Só agora estamos vendo o tamanho dessa mutação, quando o Executivo tenta a “faxina” e depara com a resistência indignada do Congresso. Deputados resmungam pelos cantos: “Aonde tudo isso vai parar?”

Um bloco de 201 deputados comunicou que “enquanto não se resolverem os problemas de cargos e emendas, não se vota mais nada…” Tradução: “enquanto não deixarem a gente roubar em paz, como nos bons tempos do Lula, não se vota nada.” Congressistas reclamam que Dilma “não respeita as regras do jogo”. Ladrões de galinha reclamam contra algemas, contra as belas fotos de presos de peito nu (que adorei…), detalhes ridículos comparados aos crimes de bilhões no turismo, agricultura e transportes e outros que virão.

Dizem: “Se ela continuar assim, não chega ao fim do mandato…” O próprio Lula telefonou para a presidente: “Dilma… pega leve com o PMDB…”

Ou seja, há um país paralelo de políticos, ONGs fajutas, empresários malandros com leis próprias – o legado de Lula, que transformou uma prática criminosa dissimulada em descarada “normalidade”. Essa foi a grande realização de seu governo e se divide em duas fases.

Quando Lula chegou ao poder em 2002, havia um “Comitê Central” que o orientava (ou desorientava). Esse grupo de soviéticos desempregados viu, na sua vitória, a chance de mudar o Estado, usando a democracia para torná-la “popular”, uma tosca versão remendada de “socialismo”. Para isso, era necessário, como eles dizem, “desapropriar” dinheiro de um sistema “burguês” para fins “bons”. Essa racionalização adoçava a água na boca dos ladrões na hora do ato, pois o véu ideológico de um remoto “Bem futuro” os absolvia a priori.
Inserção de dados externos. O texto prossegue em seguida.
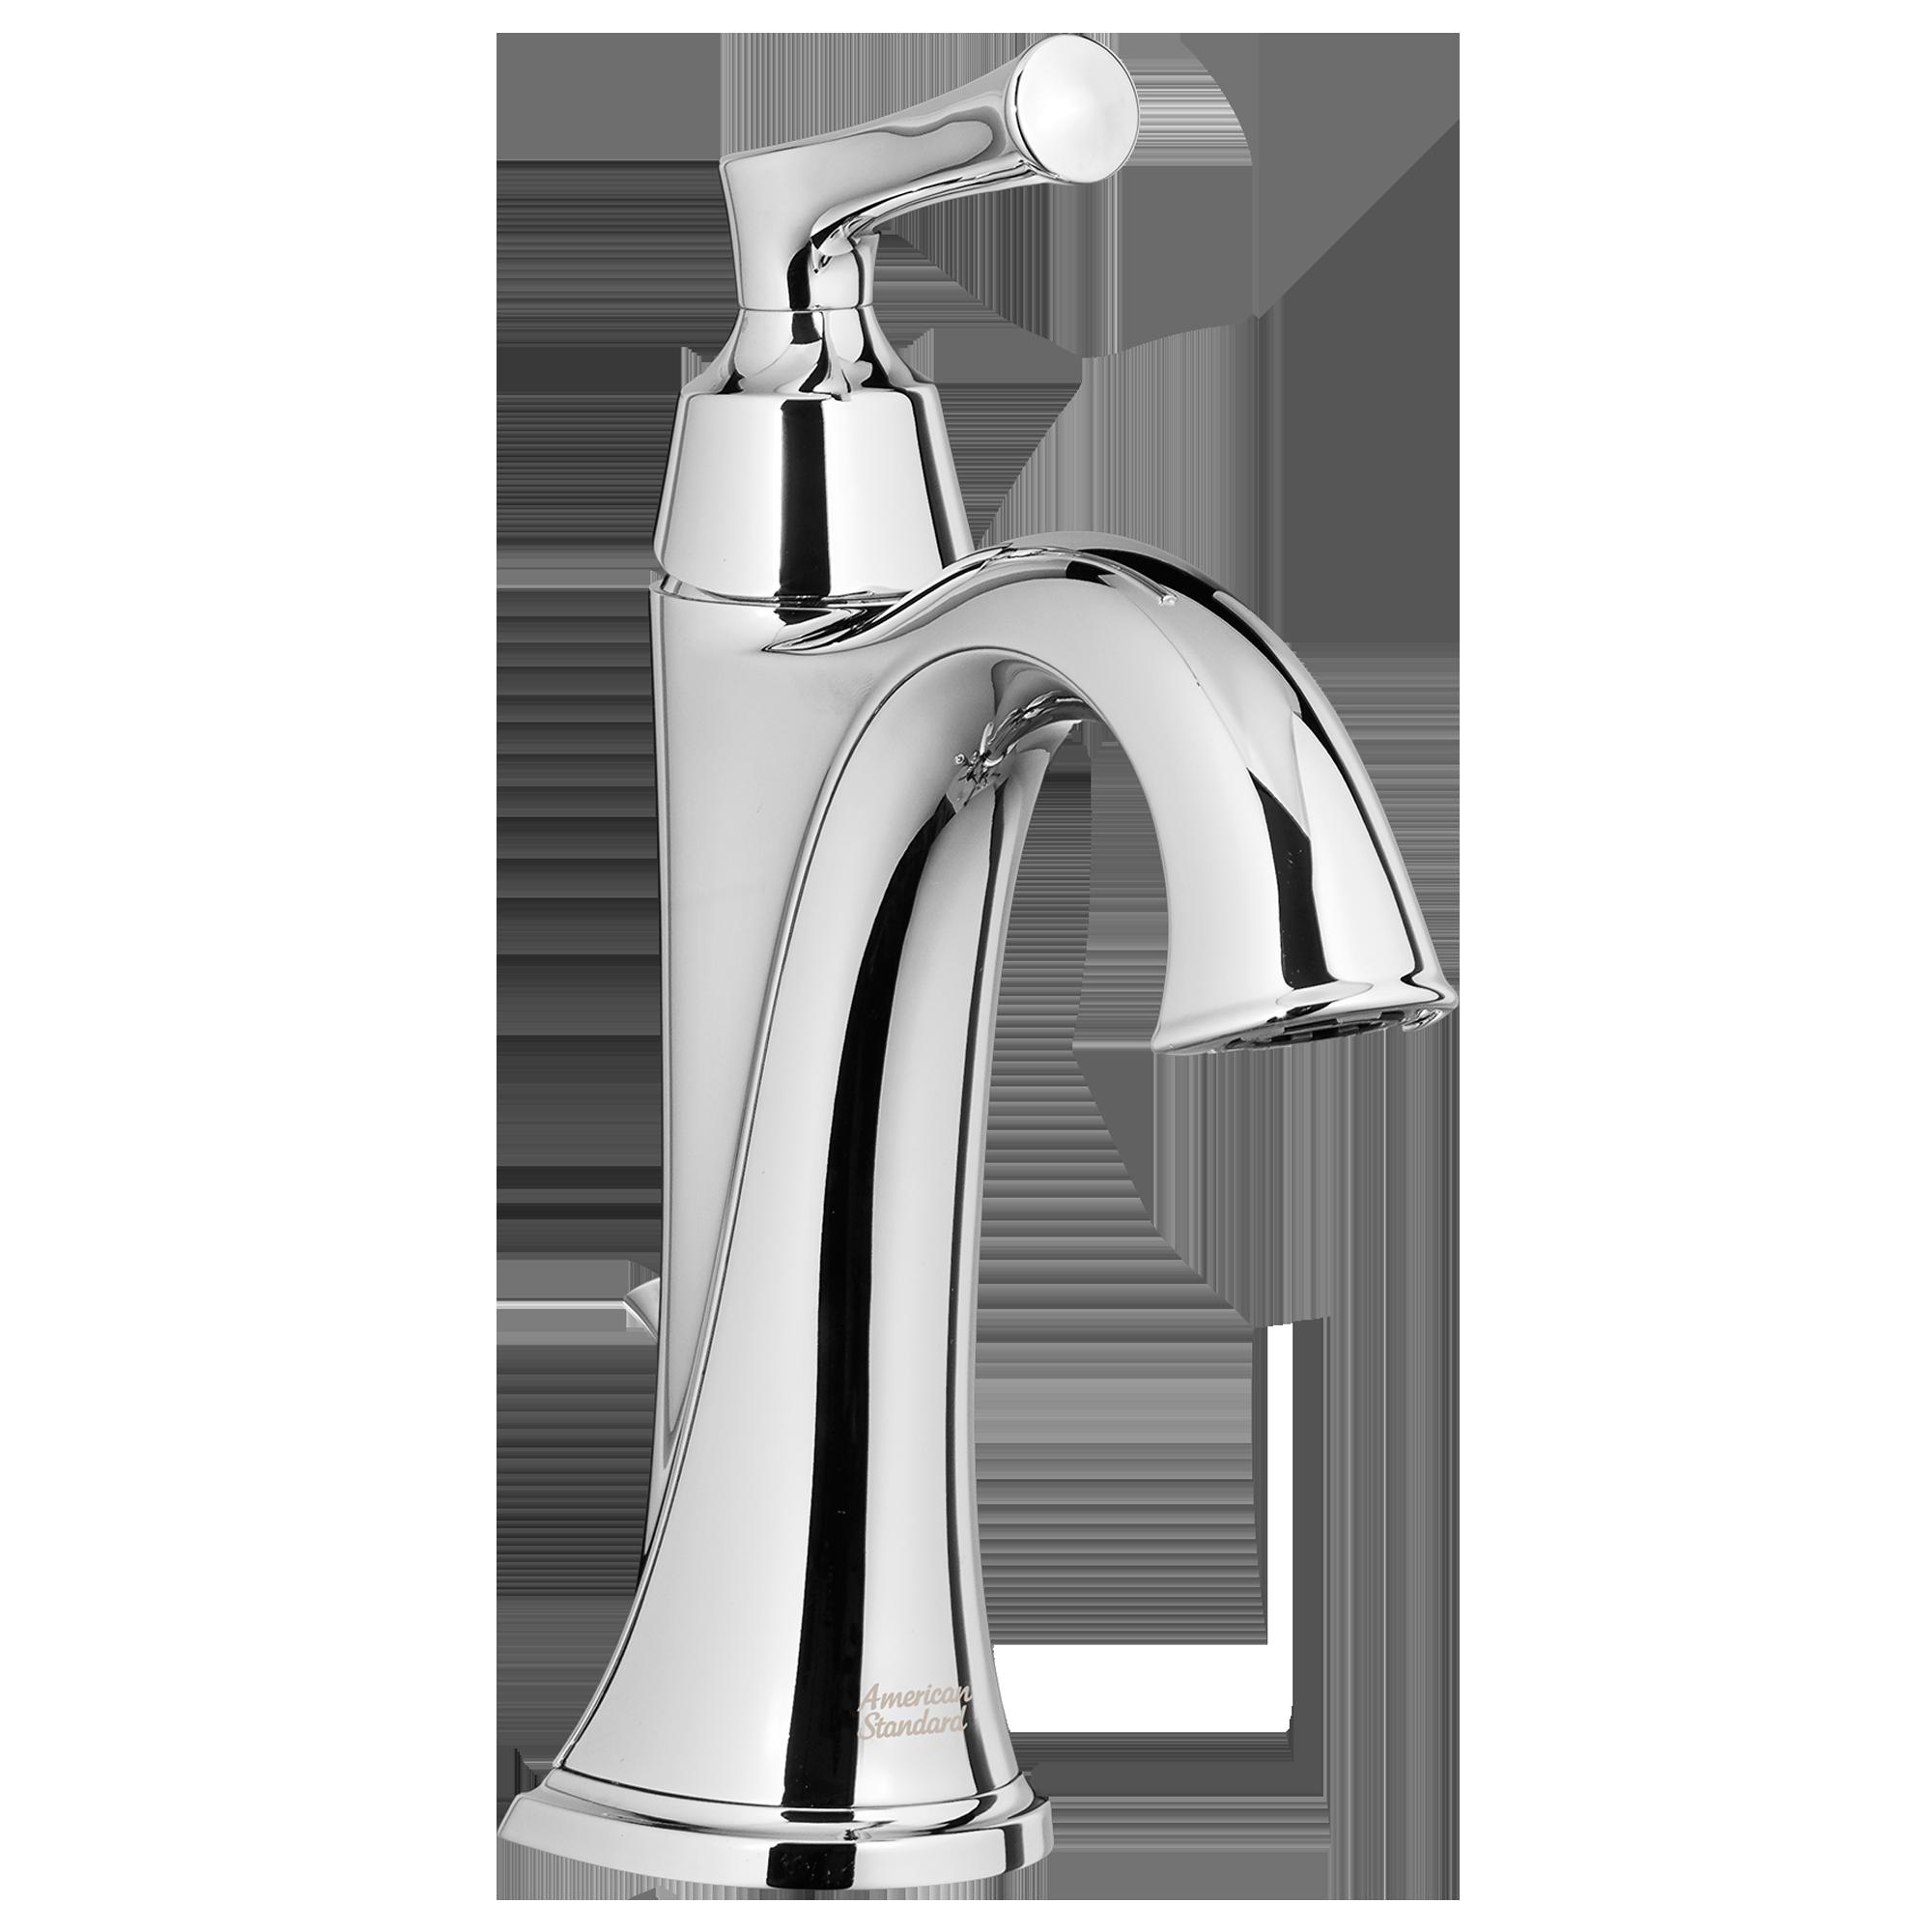 Estate Single Handle Bathroom Sink Faucet American Standard Single Hole Bathroom Faucet Bathroom Faucets Bathroom Sink Faucets

Nessa fase, Lula foi um coadjuvante – sabia de tudo e nada fazia, para deixar os “cumpanheiro” cumprir sua tarefa. Roberto Jefferson, com sua legítima carteirinha, destruiu a quadrilha que angariava grana para eleger o Dirceu presidente em 2010.

Com sorte, Lula livrou-se da tutela de soviéticos e pôde, no segundo mandato, realizar seus sonhos de grandeza, que acalentava desde que descobriu que ser líder carismático dos metalúrgicos era bem melhor do que trabalhar.

Aí surgiu o novo Lula: uma miniatura, um bibelô perfeito para triunfar na mídia aqui e no Exterior. Ele é portátil, com um nome tão legível e íntimo como “Pelé”. Lu-la, como “Lo-li-ta”, como Nabokov enrolava a língua para descrevê-la… Lula conta com a absolvição a priori por ser um operário, um “excluído que se incluiu”. Lula é um mascote perfeito: baixinho, barbinha “revolucionária”, covinhas lindas quando ri, voz grave para impressionar em seriedade, talento para forjar indignação como se fosse vítima de alguma injustiça ou como o próprio povo se defendendo.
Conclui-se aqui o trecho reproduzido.